▶ **EXERCISE DESCRIPTION**
The answer should be every line below, repeated exactly, with the images left out.

▶ **DATA**
# # # #
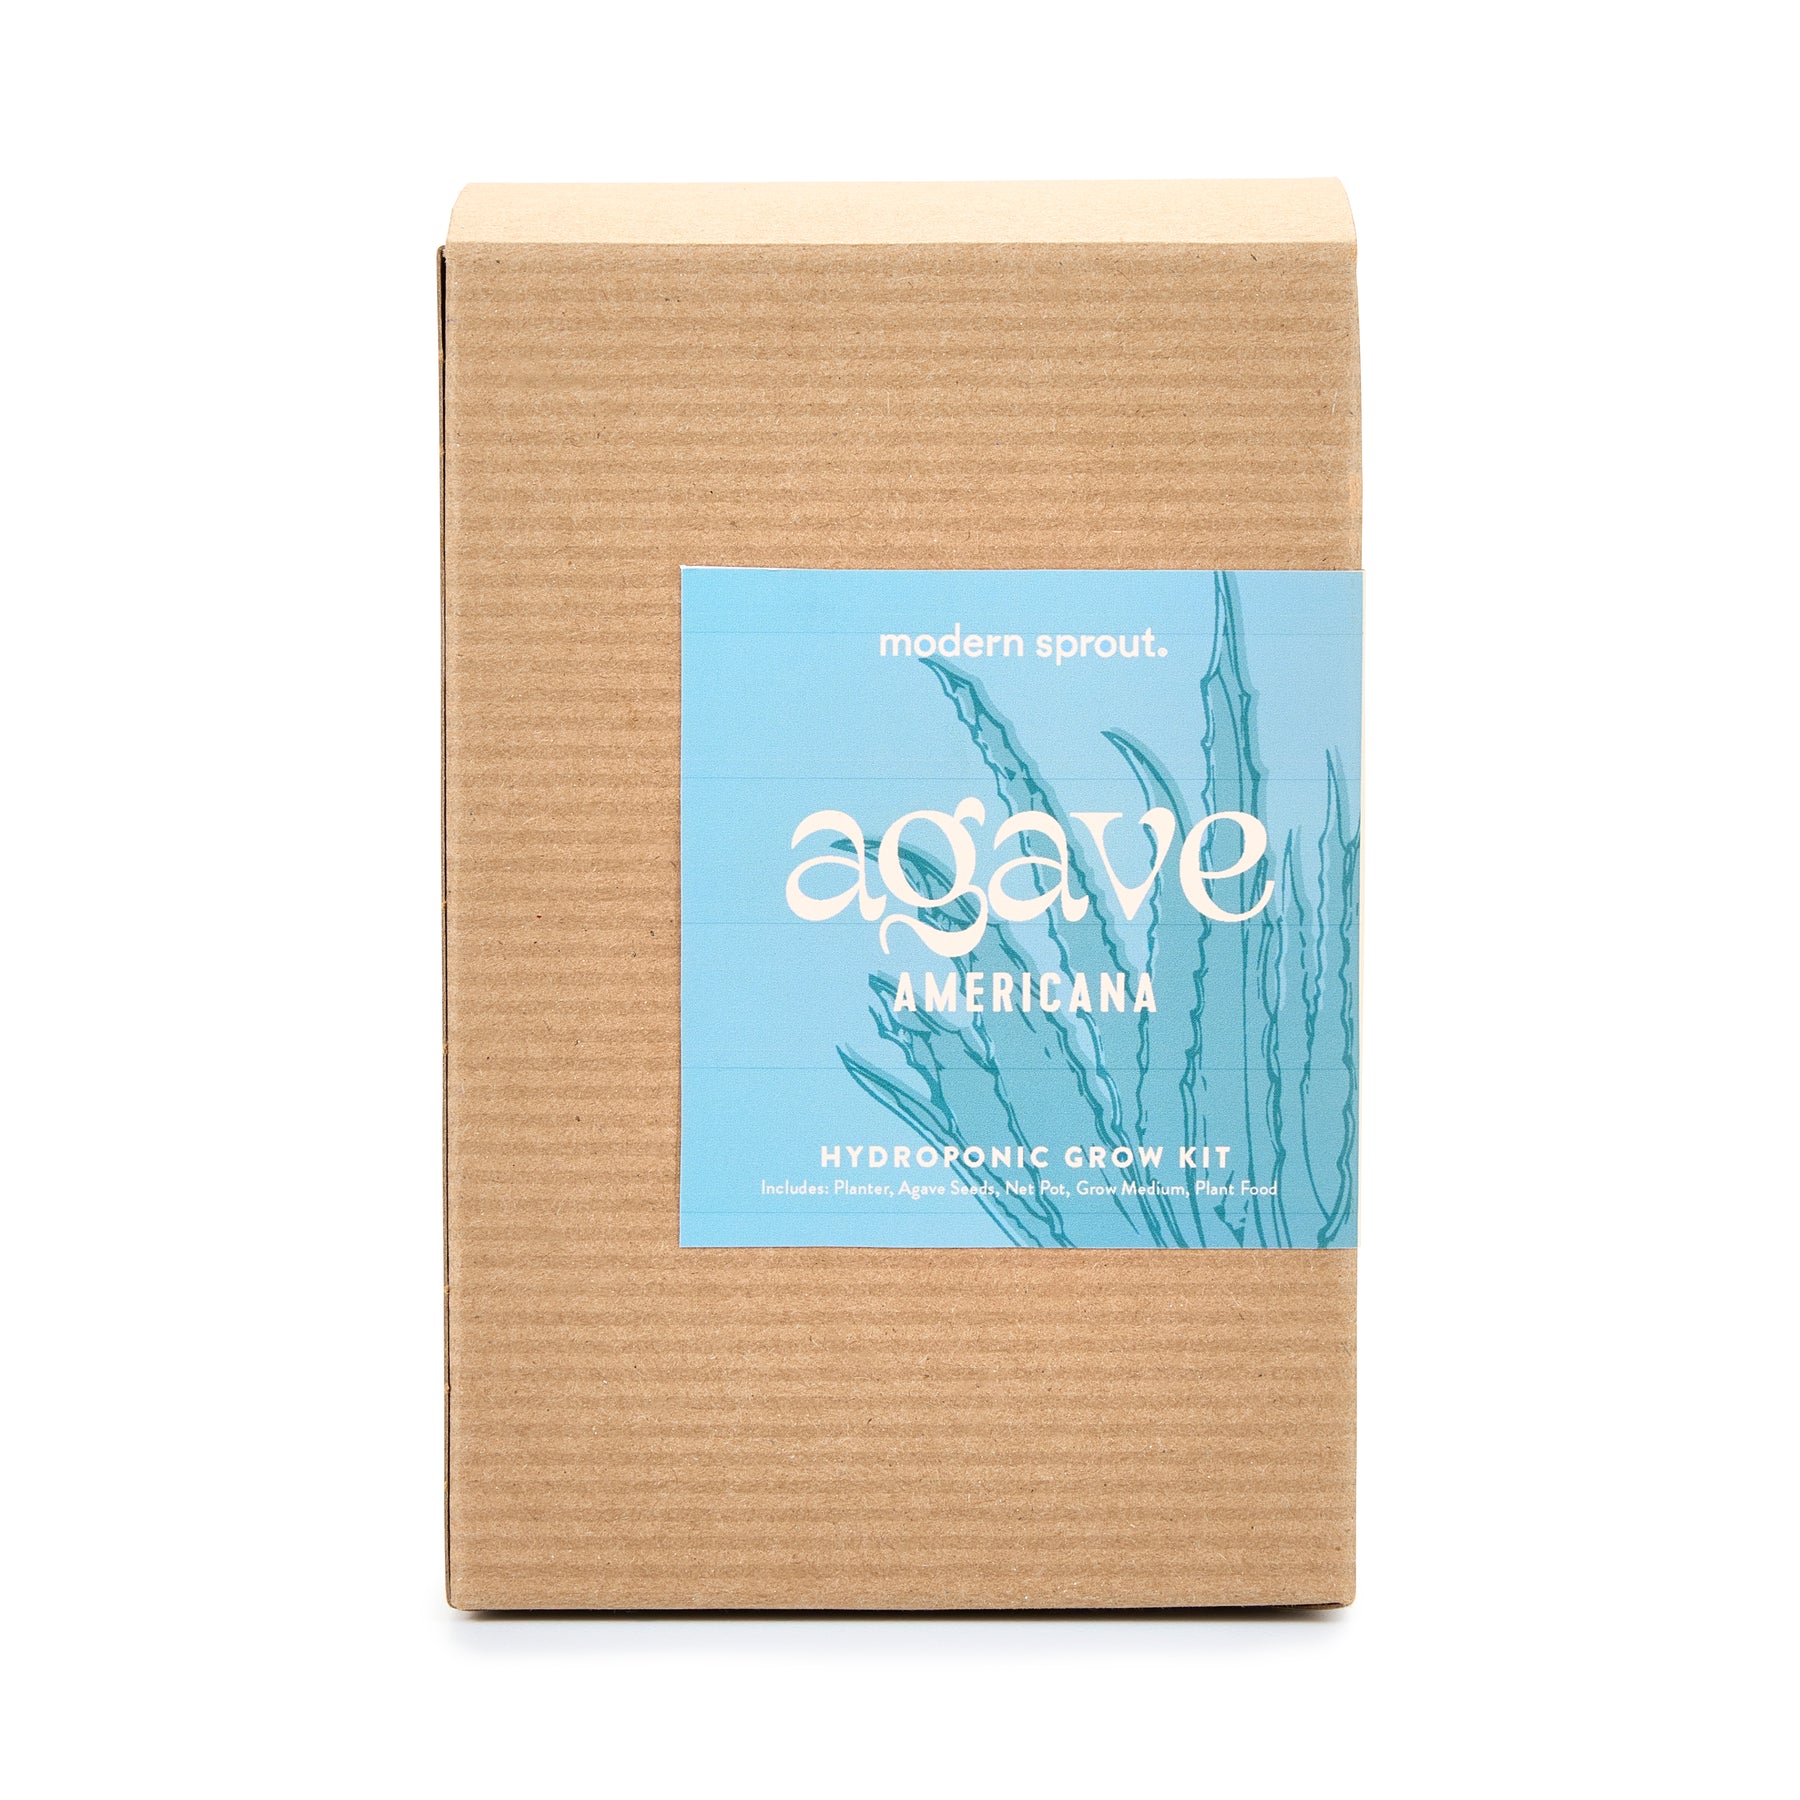 Agave Grow Kit
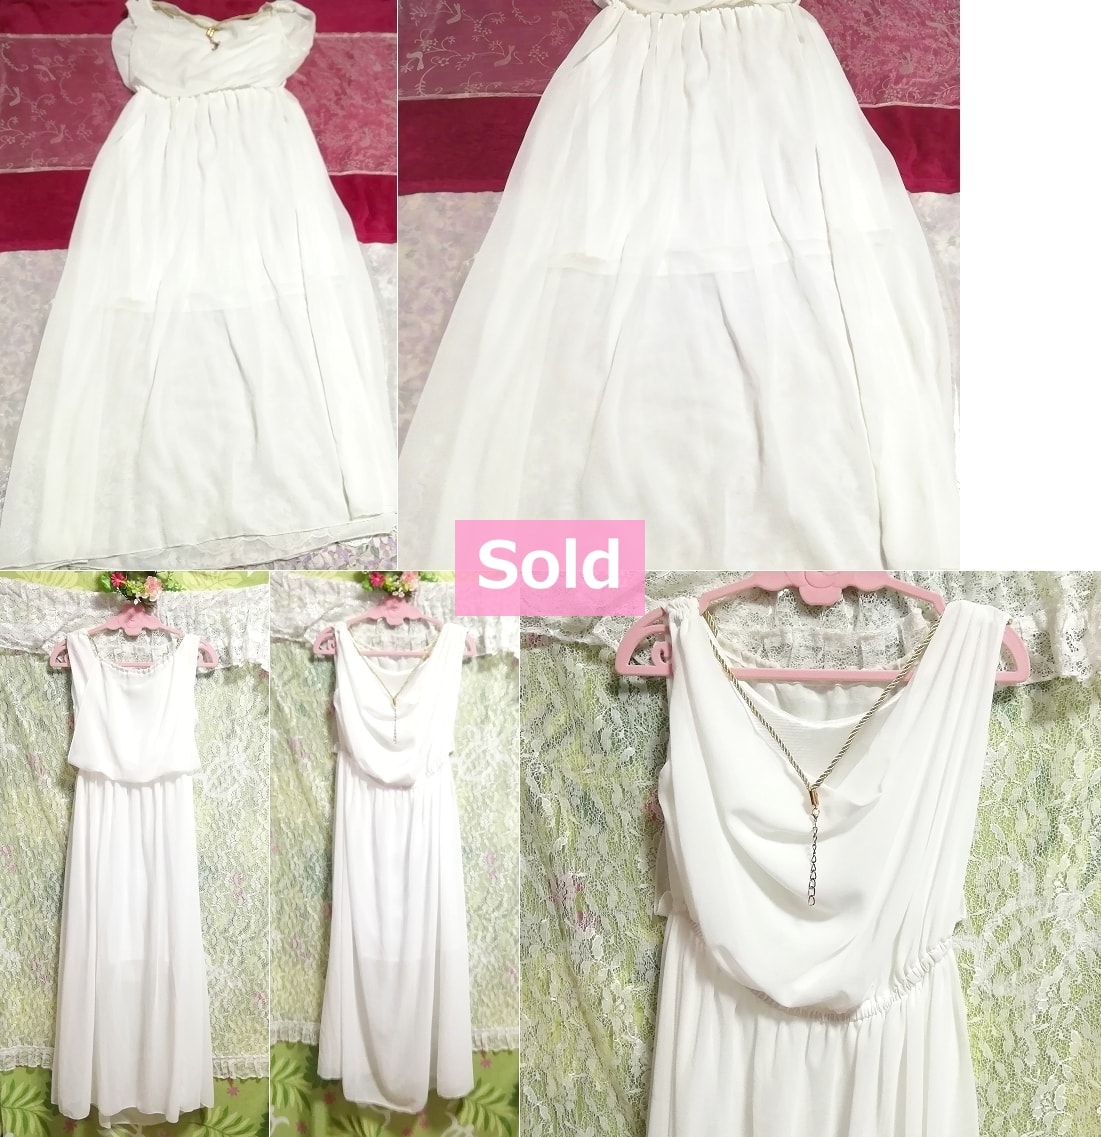 White angel robe chiffon sleeveless maxi long one piece
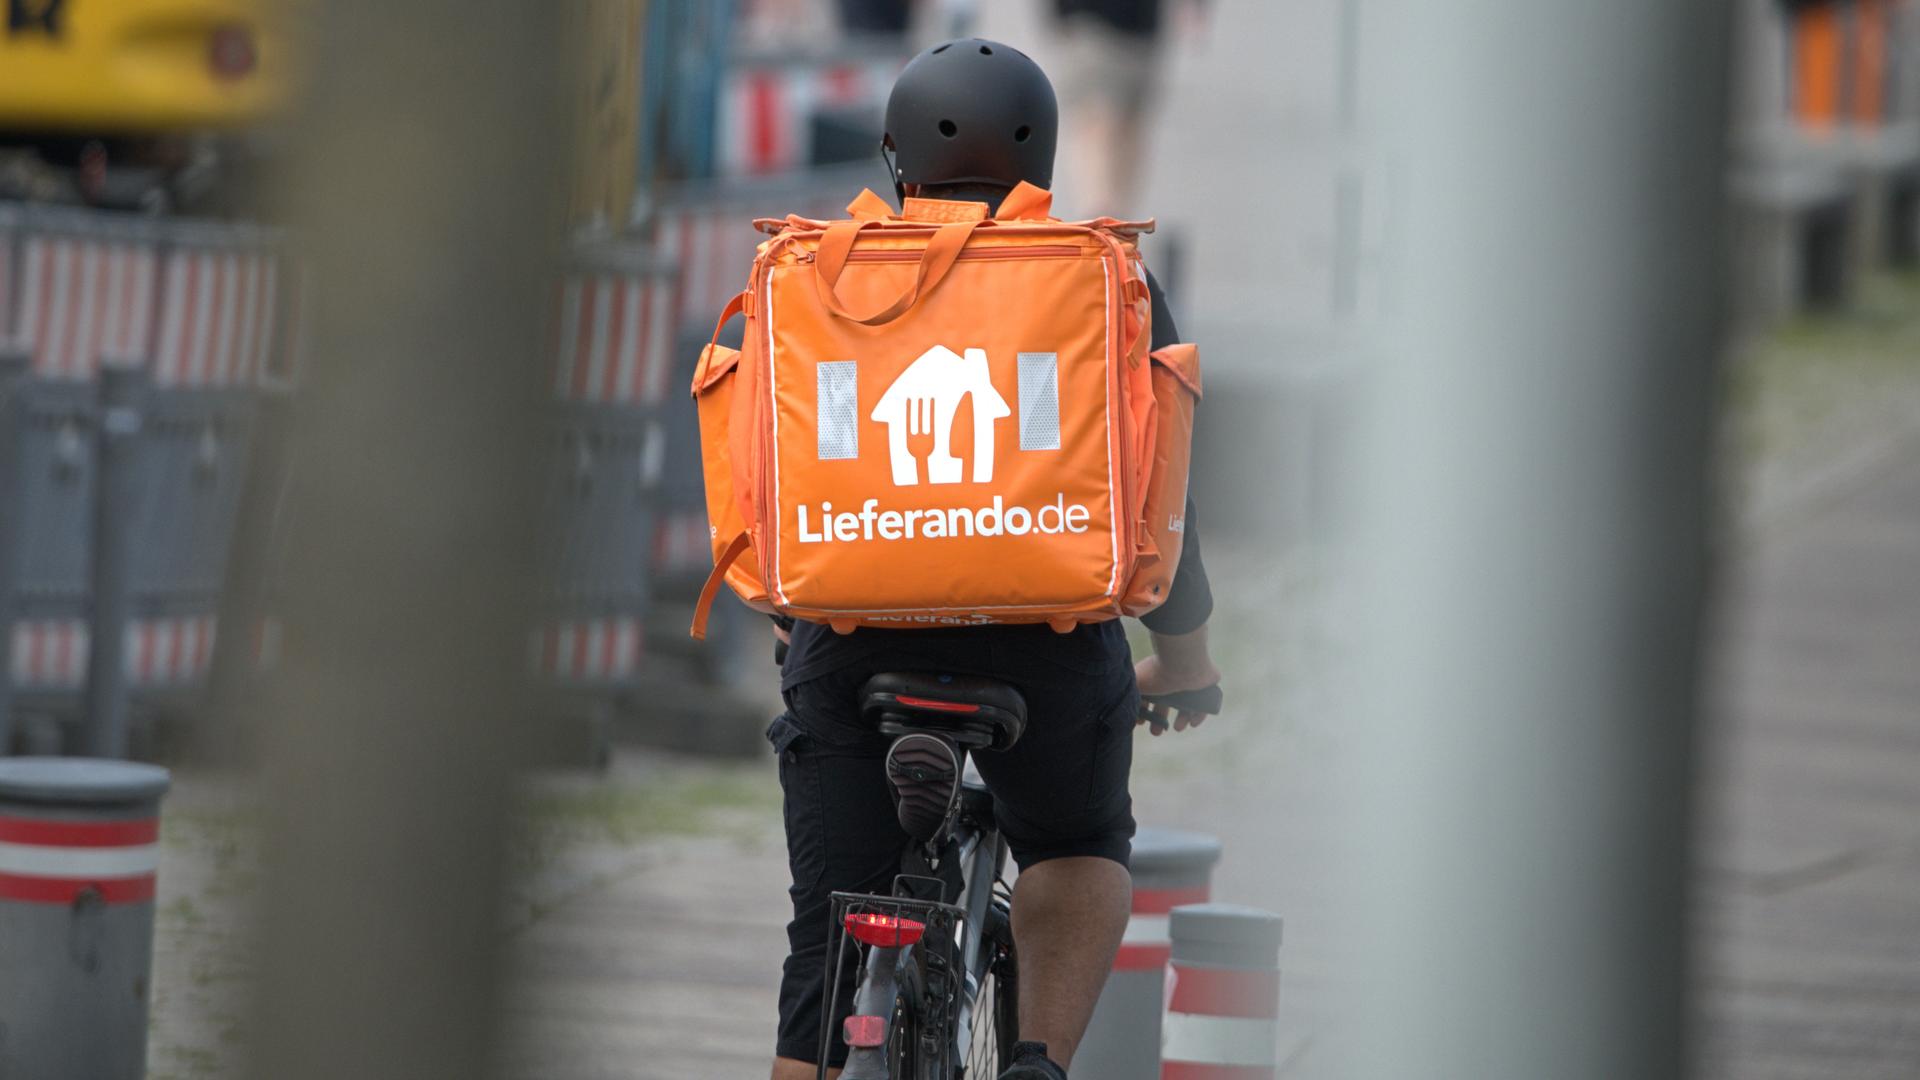 Ein Fahrradkurier des Fastfood-Lieferdienstes Lieferando.de mit Helm im Einsatz. Mit einem großen, orangefarbenen Thermo-Rucksack werden die bestellten Speisen per Fahrrad ausgeliefert.
# # # #
▶ **ANSWER AREA**
 Agave Grow Kit
 White angel robe chiffon sleeveless maxi long one piece
 Ein Fahrradkurier des Fastfood-Lieferdienstes Lieferando.de mit Helm im Einsatz. Mit einem großen, orangefarbenen Thermo-Rucksack werden die bestellten Speisen per Fahrrad ausgeliefert.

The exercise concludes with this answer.